Pharmacists were engaged with the people.
Nowadays, people get harm from medicines. This harm is caused by non-adherence
from the patient, errors from health professionals and the molecule itself due to
pharmacoepidemiologic causes.
Pharmacists can play an important role to reduce this harm. Therefore, it should get into
government policy.
I think it is very important that pharmacists take more care about how patients take
their medicine. A lot of harm can be taken away by pharmacists, if they are pointed to it and
if they got the tools for it. It would take away a lot of (easy) work and hence pressure from
the doctors, and give pharmacists back what they’ve lost: care about people.
2. WENDY GREENALL – COUNTERFEIT MEDICINES: PFIZER’S FORENSIC LABORATORIES
In times where internet is an important part of our life, counterfeit becomes very
dangerous, because drugs can be sold with easy access. The difference between counterfeit
and the real drug is big, if you consider that the real drug saves lifes and the counterfeit
medicine kills people. But this difference is not always clear from the outside, and even for
trained people it is most of the time impossible to pick out the counterfeit medicine.

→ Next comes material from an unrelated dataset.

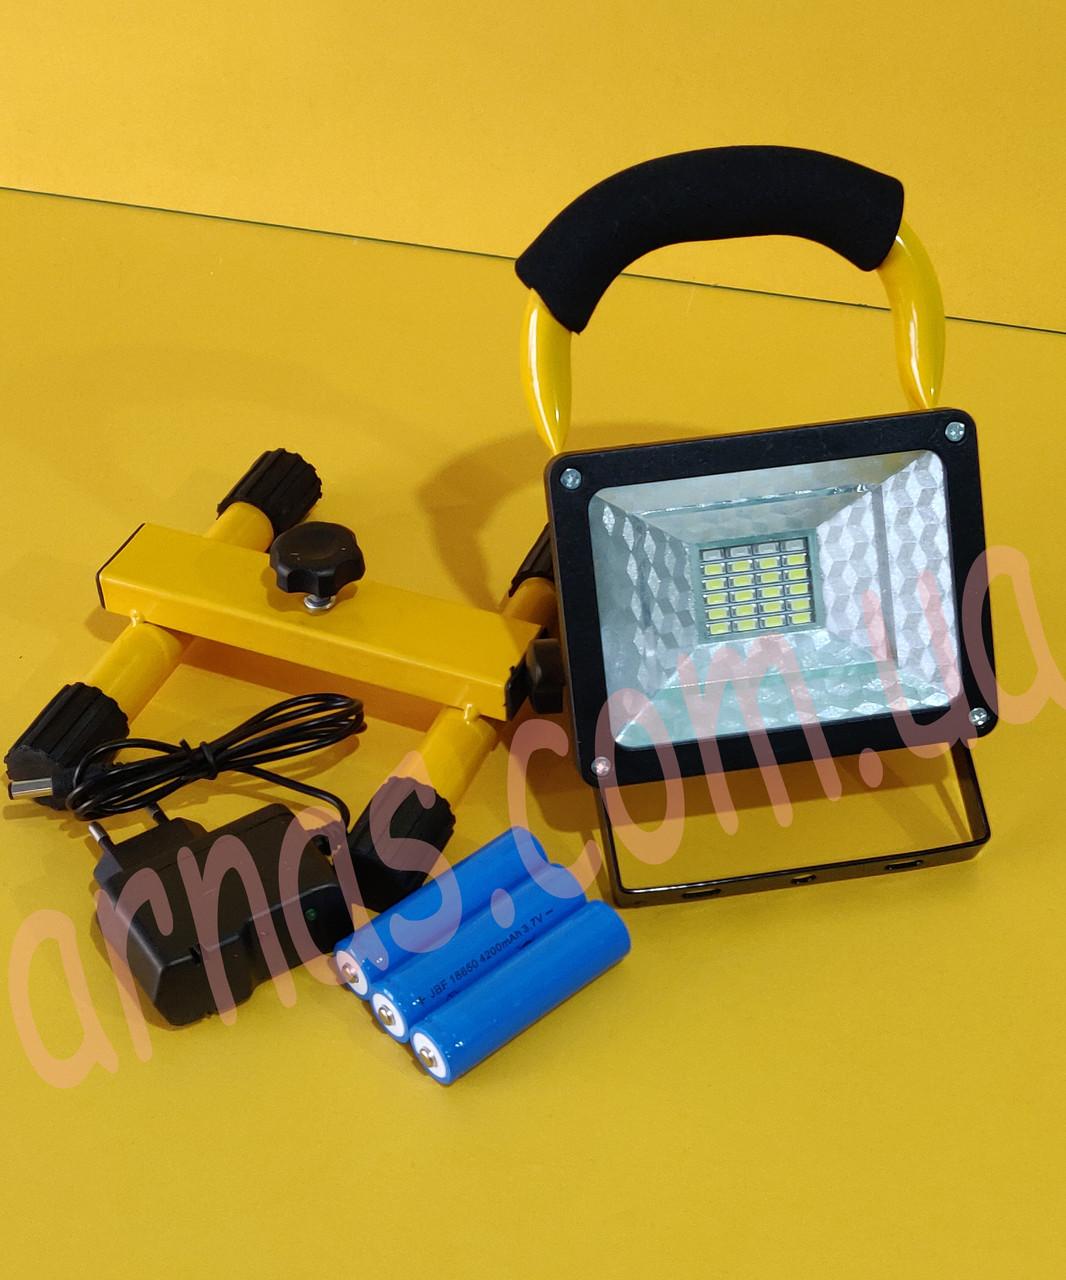 Фонарь-светильник LED Flood Light Outdoor 30W (W804)

Problems of counterfeit are production in unsanitary conditions, the fact that they look like a
general product and containing no active pharmaceutical ingredient (API), another (toxic)
API or the API in wrong concentration.
I think it’s very important that the governments work together to fight against
counterfeit medicines and help pharmacists and patients to differentiate between a real
drug and the counterfeit medicine. This will keep the drugs that we give to patients safe.
3. ALEXANDER ALEX – COMPUTATIONAL CHEMISTRY IN DRUG DISCOVERY: CAN WE
IMPROVE PRODUCTIVITY AND REDUCE ATTRITION?
Since 1980, the number of new chemical entities per year stays constant, despite
increasing research budgets. Most of the molecules fail in the early stages of development.
This high attrition rate is a big problem in drug research.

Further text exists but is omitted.